Stormzy: A middle finger and a conscience

Stormzy

In almost no time, Stormzy has developed from a street rascal into a role model. The activist raps by the grime king of London are artillery ammo for a generation that will no longer allow itself to be hobbled by the little old white Brexit men.

Last year, Time Magazine proclaimed Stormzy to be one of the ten Next Generation Leaders. It was not Greta Thunberg, but the black British rapper who made the cover. That makes his report card better than that of the left-wing Labour figurehead Jeremy Corbyn, whose political campaigns Stormzy has been supporting for the past few years. But that will not silence the tirades that he regularly directs at the conservative Brexit government – he recently declared that the United Kingdom has become more racist during Boris Johnson’s premiership. Michael Ebenazer Kwadjo Omari Owuo Jr. grew up in South East London with a Ghanaian mother, brother, and two sisters.

More than a talented MC who picked his raw rhymes up off the street and then set them to dark beats, he is a man on a mission. In February 2017, at the release of his debut Gang Signs Prayer, the first grime album to reach number one in the British charts, he was still considered the pacesetter of a genre. His career has skyrocketed since then.
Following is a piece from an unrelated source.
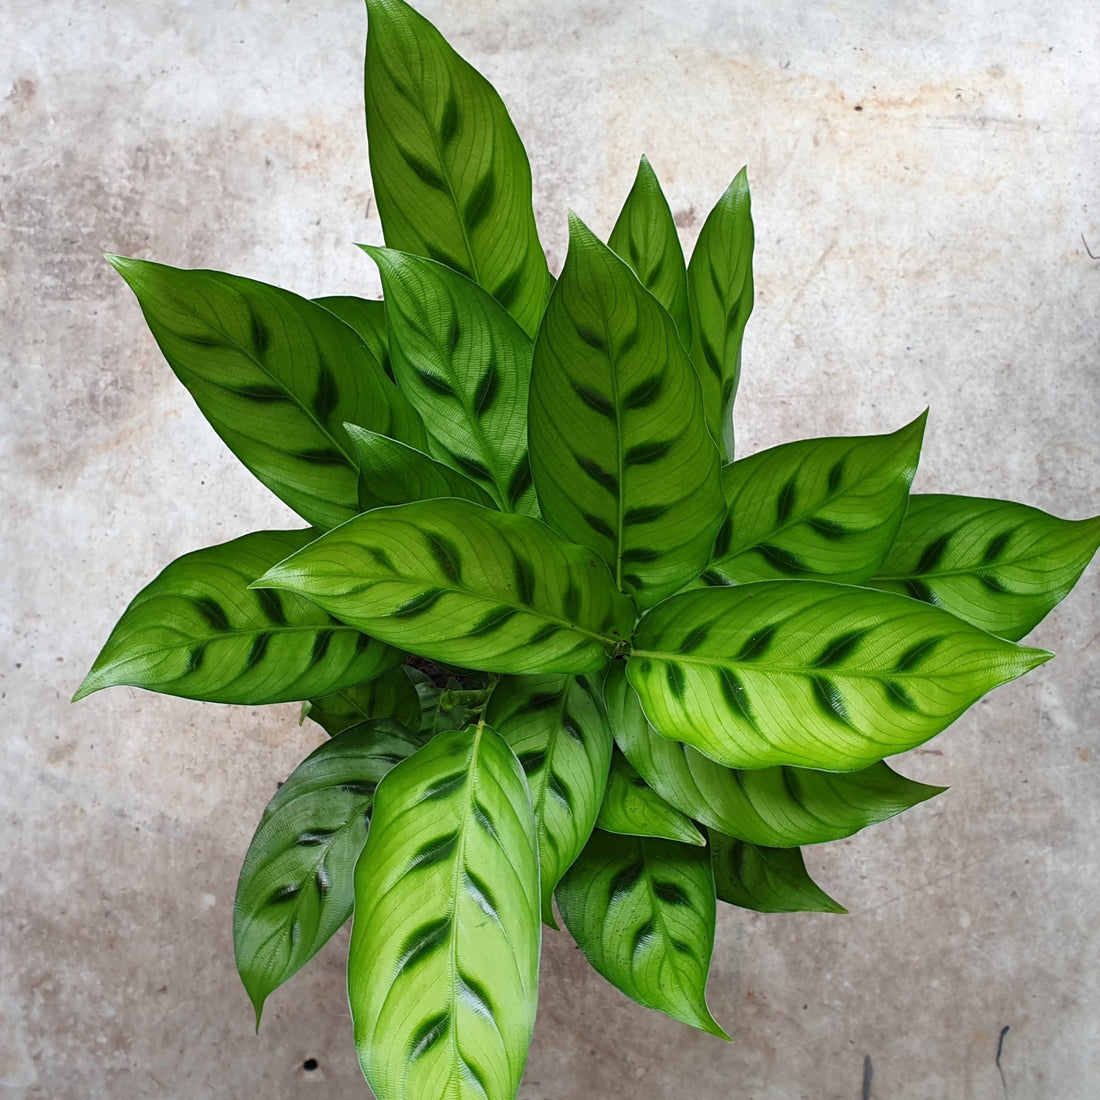 Goeppertia concinna syn. Calathea leopardina (Prayer Plant)

Last summer, his first number one single “Vossi Bop” was rewarded with the legendary headline set at Glastonbury, the first time for a black solo artist. It was apparently inspired by Beyoncé’s iconic performance at Coachella: “Not in terms of sound or look, but in terms of quality and impact.” The track “Own It” off his second record, Heavy Is the Head, which was released in December, features both Ed Sheeran and Burna Boy, a white and a black mainstream hero, as though he is seeking to reinforce his statements about racial inequality.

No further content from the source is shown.